9. So how long would it take to reach there ?. Based on past observations it may end around August - September 2019. The fastest drop has been in 2006 when the pain ended in a month, the worst case is when the pain prolonged in the 90's when between 1992 Harshad Mehta Peak and 1999 when Vajpayee Govt won a full 5 year term, the Sensex moved within a range of 4500 and 2800 for 7 long years.

10. So will it be a "quickie" like 2006, or a " swiftie" of 5 months like 2004 or a "slowie" of an year as is the norm or would it be a "death by thousand cuts" one , which was the most painful of them all : The 7 year curse ? Only time will tell.



During Advani's Rath Yatra in the early 90's , the Nation was curious to know whether he would be arrested by the UP Government and alerts were sounded in various towns of UP. People feared the worst about UP. Surprise surprise , Advani was arrested when the Rath Yatra was passing through Bihar by the Bihar Government . No one was prepared for this turn of events. How is this relevant to today's markets ??. Today, everyone is concentrating on the Equity Markets and wondering what will happen next. However , the debt markets are larger and affect almost all parts of our lives. We have more money in debt markets ( Debentures , Bank FDs , SB account etc) and connected to debt markets ( Car, Housing Educational Loan ) and specific products like OD, TOD s etc. We have investments in the actual debt market through MFs like Debt funds , Balanced Funds etc. WE SHOULD FOCUS NOW ONLY ON THE DEBT MARK.

For people observing the Govt 10 Year yield , Friday was a landmark day since the 10 Y yield crossed 8 % Intra day. Remember it was 6.3 % just 10 months ago. Which means the yield has shot up TWENTY SEVEN PERCENT . This is huge by any standard. Bond portfolios of Institutions as well as Individuals would have gone for a TOSS.

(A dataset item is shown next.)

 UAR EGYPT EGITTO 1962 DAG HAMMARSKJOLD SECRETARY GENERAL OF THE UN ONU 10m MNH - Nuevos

And this is not the end, probably its just the end of the beginning since the RBI pushed back the yields below 8 at the close of the day. This will continue to rear its head and we don't know where it will stop. WE SHOULD BE ALERT on this more than ever before. Interest rates on everything will RISE. While the retired may be happy to see that the FD rates will now rise , all others who deal in debt are likely to be dealt with a DEATH BLOW.

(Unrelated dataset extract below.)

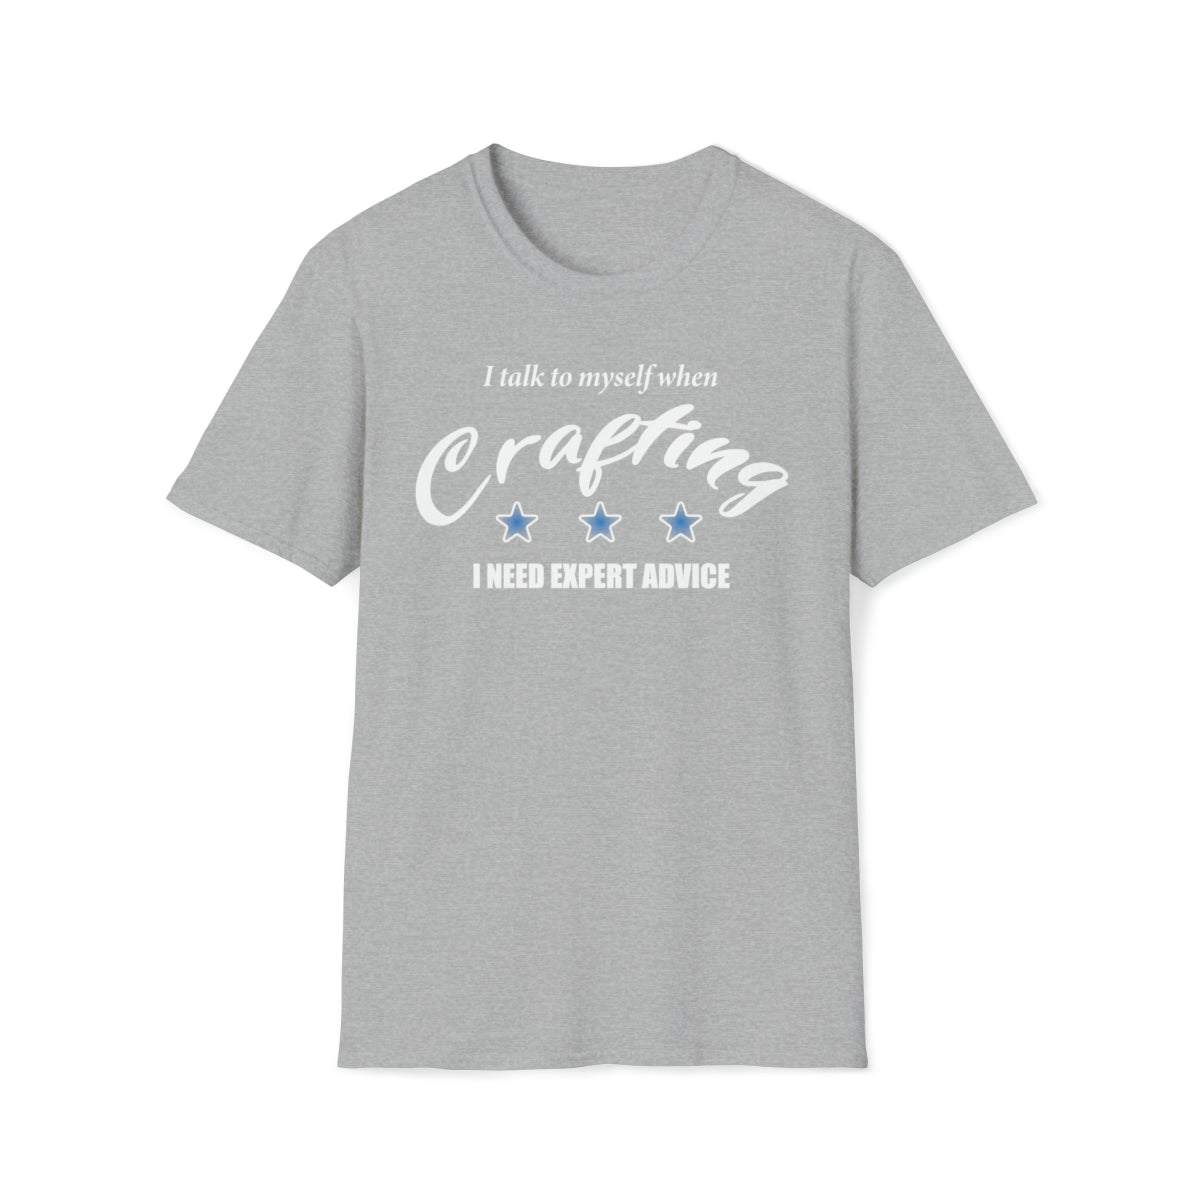 I talk to Myself When Crafting - Short Sleeve Unisex Soft Style T-Shirt

 I have been pointing out for several months , when yields were about to touch 7 % that the interest rate scenario was changing and one should OPT OUT OF ALL BALANCED AND DEBT FUNDS and hopefully people have followed my logic. Its still NOT TOO LATE .

Happy and thoughtful Sunday

Weekend Reflections : 17th June 2017 

 I started investing in stocks in 1983, while still in college. The first Bull Run I experienced was in 1985 during Rajiv Gandhi's time, but I had not studied history of the markets and hence sold out early.

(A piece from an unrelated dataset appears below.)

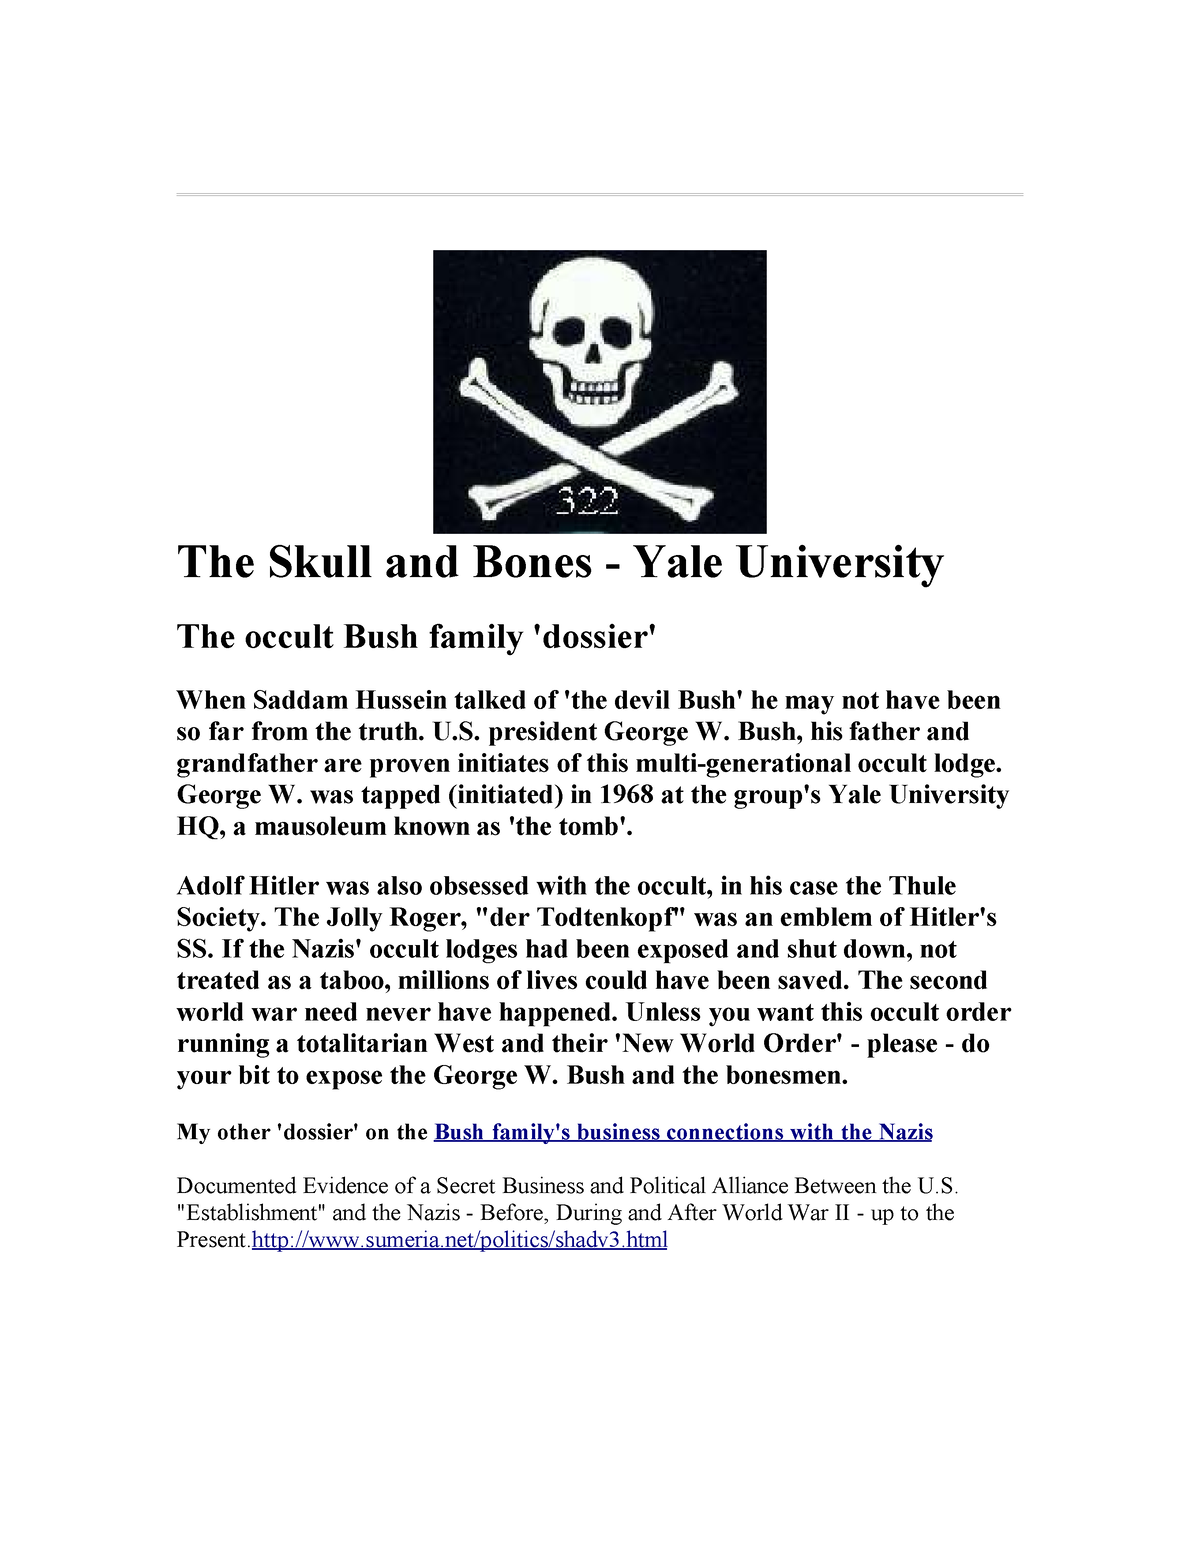 Hall of Skull and Bones fraternity house, Yale University, New

The second time I thought I was better prepared. In 1992 I was scared of my wits when the market started rising irrationally. However, having seen '85, I held on and saw my NAV spiraling upwards, When I could no longer believe that it was God's intention to make me Rich, I sold out and that day almost coincided with the peak. When the Harshad Scam broke out I thought God was really on my side and keeping some money aside for my first Car : A Maruti 800, I ploughed back the rest of the money a 1000 points below the peak. But I saw a slow downward grind of the market which fell another 1500 points over the next year, thereby completely wiping out all my gains. 

 In the 1999-00 Dotcom Bull run , I was more careful and I advised clients to put a trailing stop loss ( ie. protecting their profits in case market reverses) and was able to save a few of my client's profits, since most of them did not heed my advice.Same was the case in 2007-08 Bull Run. Again most of the clients called me a Perma Bear and refused to listen. 

Now we are in the midst of another crazy bull run with all the analysts in the media goading investors to buy blindly. The valuations today are higher than we have ever seen for so many mid caps and micro caps. Stock Markets are irrational for more time than we can imagine.

 In such times, while enjoying the Bull Run and the positive effect it has on one's portfolios, it would be prudent to keep trailing stop losses and protect one's profits. Hope some one else other than me learns from my past mistakes.